Cambios importantes:- El tiempo máximo de cortes de luz permitido en un año bajó de 12 a 9 horas.
- En zonas rurales, el plazo para que una empresa repare una falla aumentó de 4 a 6 horas, a pesar de que una ley vigente indica que no debe superar las 4 horas.
- Panel de Expertos cuestionó el traspaso a los clientes:
El Panel de Expertos, organismo que revisa los conflictos del sector eléctrico, indicó en 2023 que es inadecuado que los usuarios paguen las compensaciones que por ley deben ser responsabilidad de las empresas. - Temporal de agosto y reacción de las autoridades:
El 1 de agosto de 2024, un temporal afectó a 9 regiones del país, dejando a más de 2,4 millones de personas sin luz.

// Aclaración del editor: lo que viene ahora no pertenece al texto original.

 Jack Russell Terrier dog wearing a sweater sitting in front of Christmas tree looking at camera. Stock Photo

La Superintendencia de Electricidad y Combustibles (SEC) confirmó que casi todas las empresas aplicaron las compensaciones, excepto Enel, que no estuvo de acuerdo con que se calificara la situación como una «fuerza mayor». - Críticas desde el Congreso:
El diputado Marco Antonio Sulantay (UDI) anunció una sesión especial de la Comisión de Energía del Congreso para pedir explicaciones a la CNE y al ministro de Energía.

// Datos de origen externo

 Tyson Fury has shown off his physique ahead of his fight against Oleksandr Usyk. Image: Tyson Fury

Declaró que: “Es absolutamente inaceptable que sean los propios usuarios los que tengan que costear las futuras compensaciones”. Además, pidió que se suspenda el cobro, ya que afecta a familias vulnerables, pymes y clase media. - ¿Por qué se tomó esta decisión? Explicación de la CNE:
La CNE explicó que esta fórmula evitó un alza de hasta 37% en las cuentas de luz. La alternativa, según el organismo, era permitir que las empresas subieran mucho más las tarifas para cubrir otros costos.

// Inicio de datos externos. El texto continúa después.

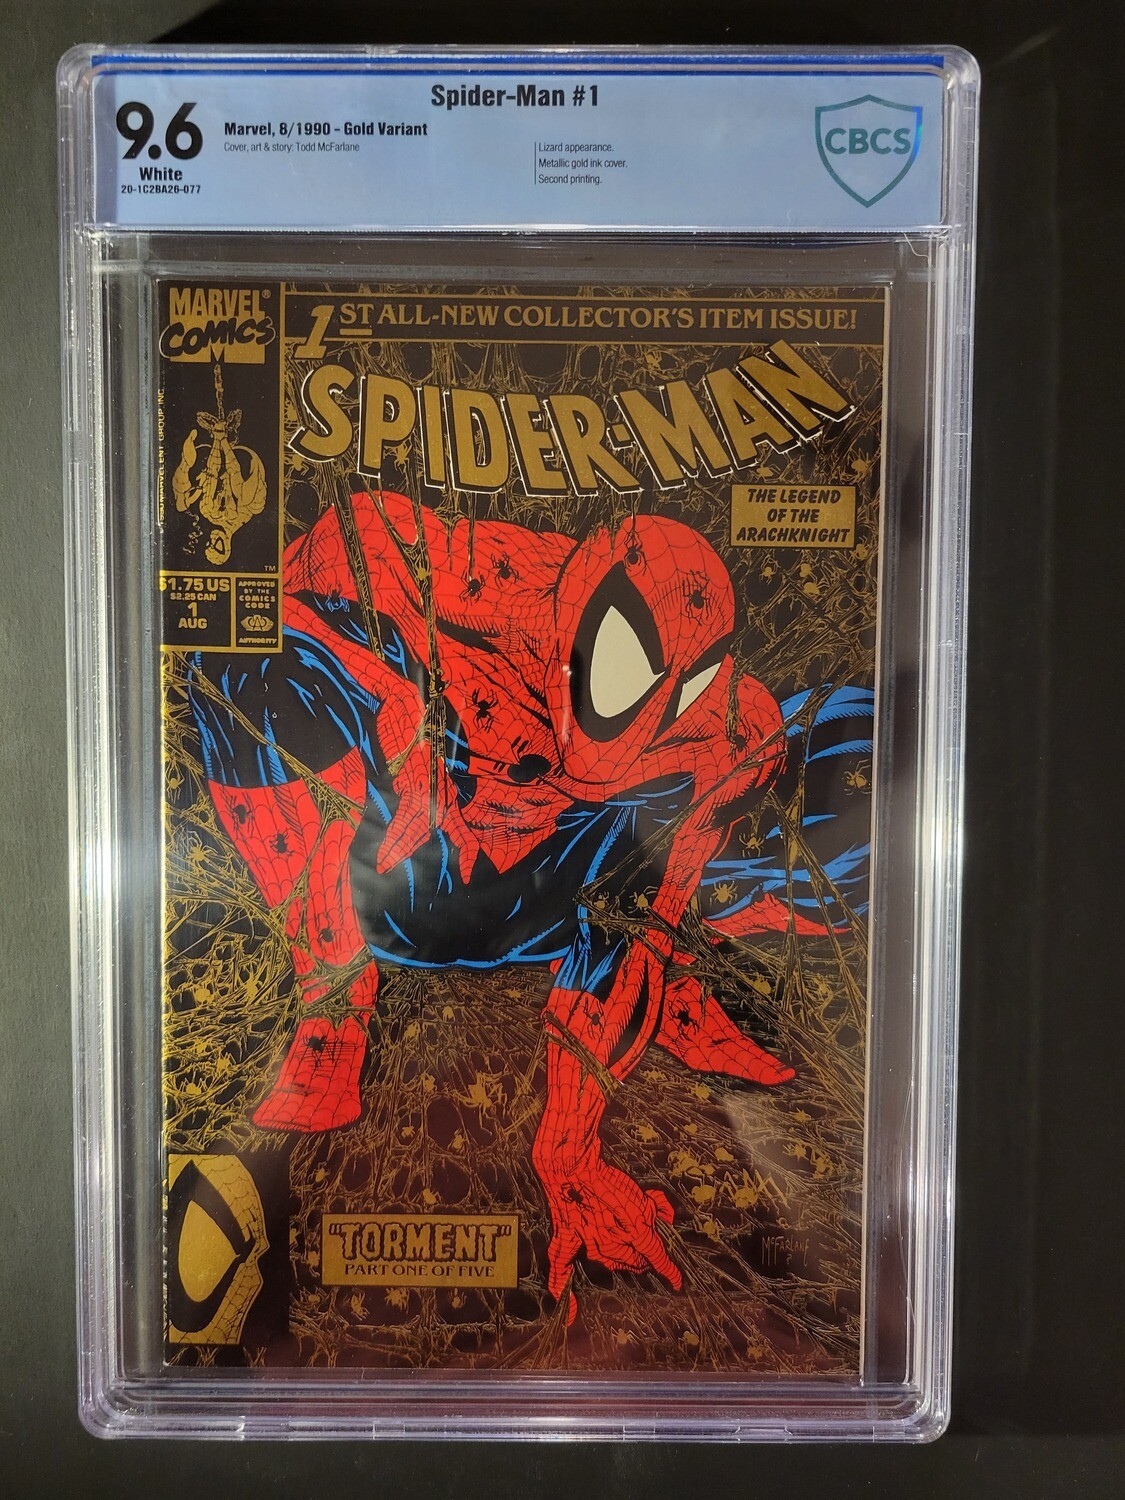 Spider-Man #1 (Gold Edition) CBCS 9.6

También aclararon que no existe un fondo específico para pagar compensaciones, sino que los montos se calculan de forma teórica en un estudio técnico que define los precios. Esta respuesta claramente se contrapone con lo expuesto por el CNE. - Expertos critican la regulación actual:
El académico Humberto Verdejo, de la Universidad de Santiago, explicó que la forma en que se fijan los precios de la electricidad está basada en empresas ficticias («de papel») que simulan lo que debería costar operar bien una red eléctrica.
Señaló que:- Se guarda una “bolsa” de dinero proyectada para pagar compensaciones durante 4 años.
- Si las fallas son más de lo esperado, la empresa cubre la diferencia.
- Pero si las fallas son menos, el cliente no recibe devolución.
Además, advirtió que mientras no se actualice la regulación, los usuarios seguirán asumiendo costos que deberían pagar las empresas.
- Otros cobros adicionales en las cuentas de luz:
- En abril de 2024 se aprobó la Ley 21.667, que busca saldar una deuda de US$6.000 millones acumulada por los clientes con las generadoras eléctricas.
- Pero el período entre el 1 de julio y el 31 de agosto quedó fuera de cobertura, generando otra deuda de US$91 millones.
- Este nuevo monto será cargado a las boletas bajo el concepto de Fondo de Estabilización Tarifaria (FET).
- Además, sigue pendiente una deuda por el atraso en el proceso del VAD, que podría alcanzar los US$1.000 millones, pero que aún no ha sido completamente calculada ni informada por las empresas.
El traspaso del pago de compensaciones a los consumidores ha puesto en el centro del debate el funcionamiento del sistema eléctrico chileno. Lo que comenzó como una medida técnica, terminó afectando directamente el bolsillo de millones de hogares, sin que estos fueran informados de forma clara ni tengan la posibilidad de reclamar o rechazar el cobro.
Para muchos expertos y autoridades, este caso demuestra la urgencia de modernizar las normas que regulan el sector eléctrico, de manera que las tarifas reflejen la calidad real del servicio y que las empresas asuman los costos por sus fallas, como dicta la ley. Mientras eso no ocurra, los usuarios seguirán pagando, incluso por los problemas que no causaron.